Background to operations “close” to assemblies of people (crowds)
Under a PDRA01 authorisation, no flight must take place closer than 50m horizontally from an assembly of people. That means that no take-off and landing can take place closer than 50m horizontally from an assembly of people. This is obvious. Once you have taken off, you would need to commence flight to cover the distance from 30m from an assembly to the 50m m horizontal limit. This would definitely be counted as flight and not just a bit of an angular take-off, though I’d love for the CAA to tell me different.
Most operators would also have extreme difficulty returning to land to a point with 30m clearance as they would have to re-enter the 50m horizontal exclusion zone. Hopefully any Specific category operator will have followed the logic of this. Basically, anything within the 50m horizontal exclusion zone of an assembly of people is a strict no-go.
So why, against a Consequence relating to “Collision with Assembly of people” Does mitigation M25 appear?
As can be seen below, mitigation M25 states the limitations during “normal” procedures during take-off and landing of 30m separation.
I’m not sure which mitigation they intended to insert here, but I’m certain that it can’t be M25 as 30m clearance is not considered safe when operating “near” assemblies of people.
This is a surprising Deviation as CAP 722H introduced the new concept to the specific category of the 1:1 rule when working near assemblies. This is a real slip up in my opinion.
Finally….I can’t resist. So, for a bit of light relief, let’s finish with good old Deviation from consistency.
Running through the risk assessment, I was struck that only one of the hazards seems to need any mitigation when it gets dark. Amazing given the range of hazards covered.
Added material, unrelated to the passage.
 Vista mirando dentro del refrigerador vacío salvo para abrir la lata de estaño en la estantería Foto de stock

Apparently, only when crew performance is degraded (linked to a bunch of technical issues such as control signal, GNSS problems or flying in high winds/rain), do the mitigations around night flying creep out of the woodwork.
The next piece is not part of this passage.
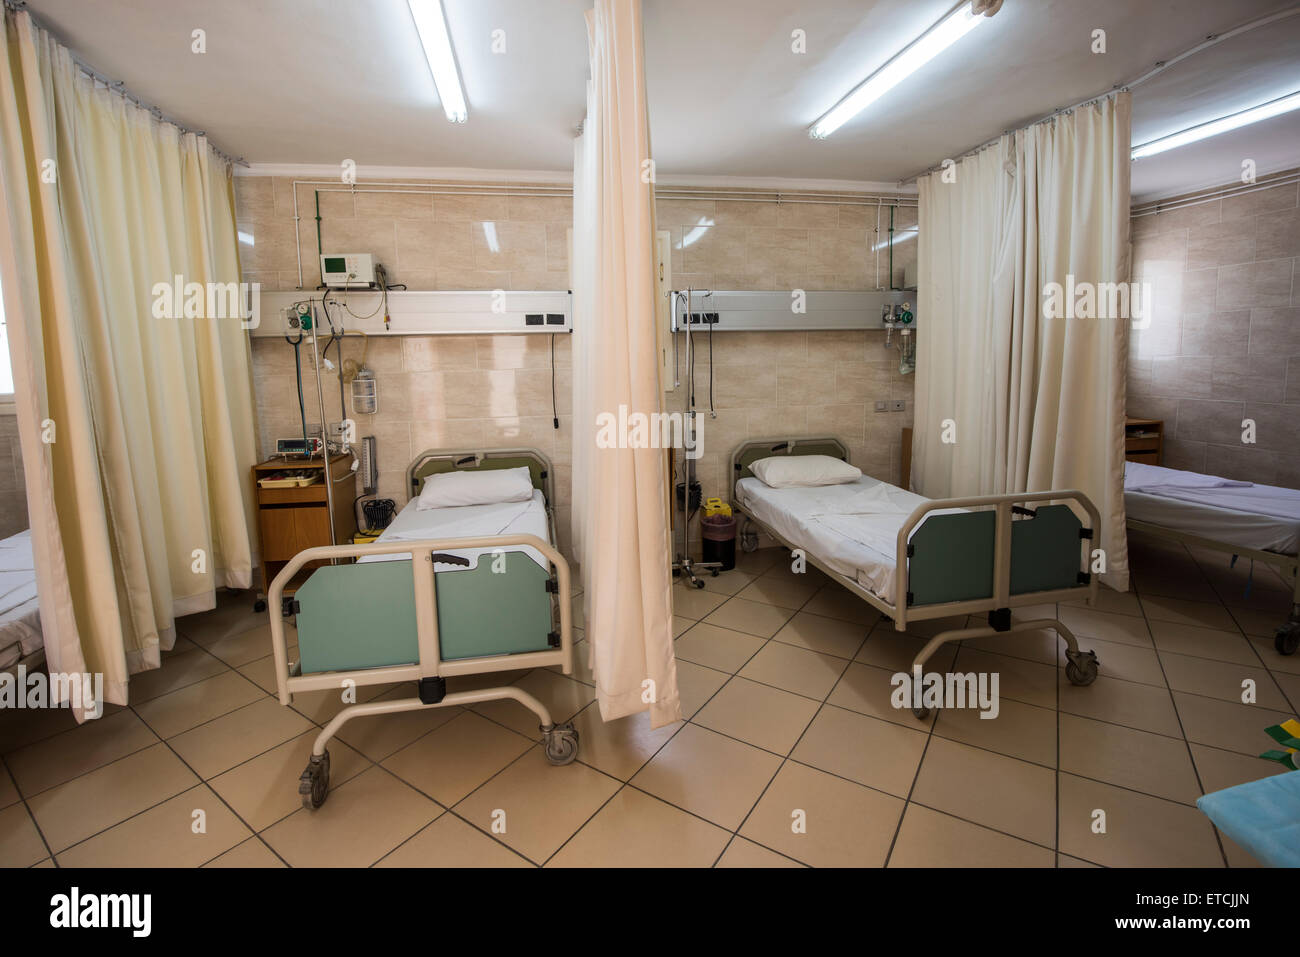 Betten in einem Krankenhaus ICU Stationszimmer Stockfoto

These mitigations sit in M35 and look…they are plastered against all the consequences associated with this specific (though poorly defined) hazard.
Are the mitigations for night flying (daytime survey, navigation lights, illumination of the operational area) not equally or more valid against, for instance loss of control in flight, or loss of airborne or ground separation? Clearly not. Take my word for it. I’ve done a search and M35 only appears against this one hazard.
I think in this edition of Just a Minute, the regulator may have given us a few chuckles. Except this is about safety, right?
Not just that, but we constantly read of operators whose documentation is being turned down by the same organisation it is “not good enough“.
Every time an OA renewal is placed on hold it is because the regulator considers it “not good enough“.
But as I’ve shown here once again, the very risk assessment the applicant’s manual is based on is itself, “not good enough“.
Something to CHIRP about
The First edition of CAP 722H had the feeling of having been rushed out to meet a date. The overly long delay in getting it revised has certainly ensured that it isn’t being taken as seriously as it should be. This was recently confirmed in the introduction of the August 2023 CHIRP report:
The Second edition was an opportunity to concentrate and get the original version corrected. Instead, there appears to have been a desire to make fundamental changes.
These make the document clearer in many ways (e.g. the actual OA template format is useful). However, perhaps the focus on the fundamentals, and the wholesale format change to the Risk Assessment, led to reduced focus on the actual content.
Whatever the reasons, the document still has simple errors. Because of those errors, it is difficult to trust the content in full.
Again, as ever, I would be delighted to enter into a conversation with the CAA about some of these issues. We’re all trying to get to the same place after all. A safe, proportionate set of regulations and guidance for operators.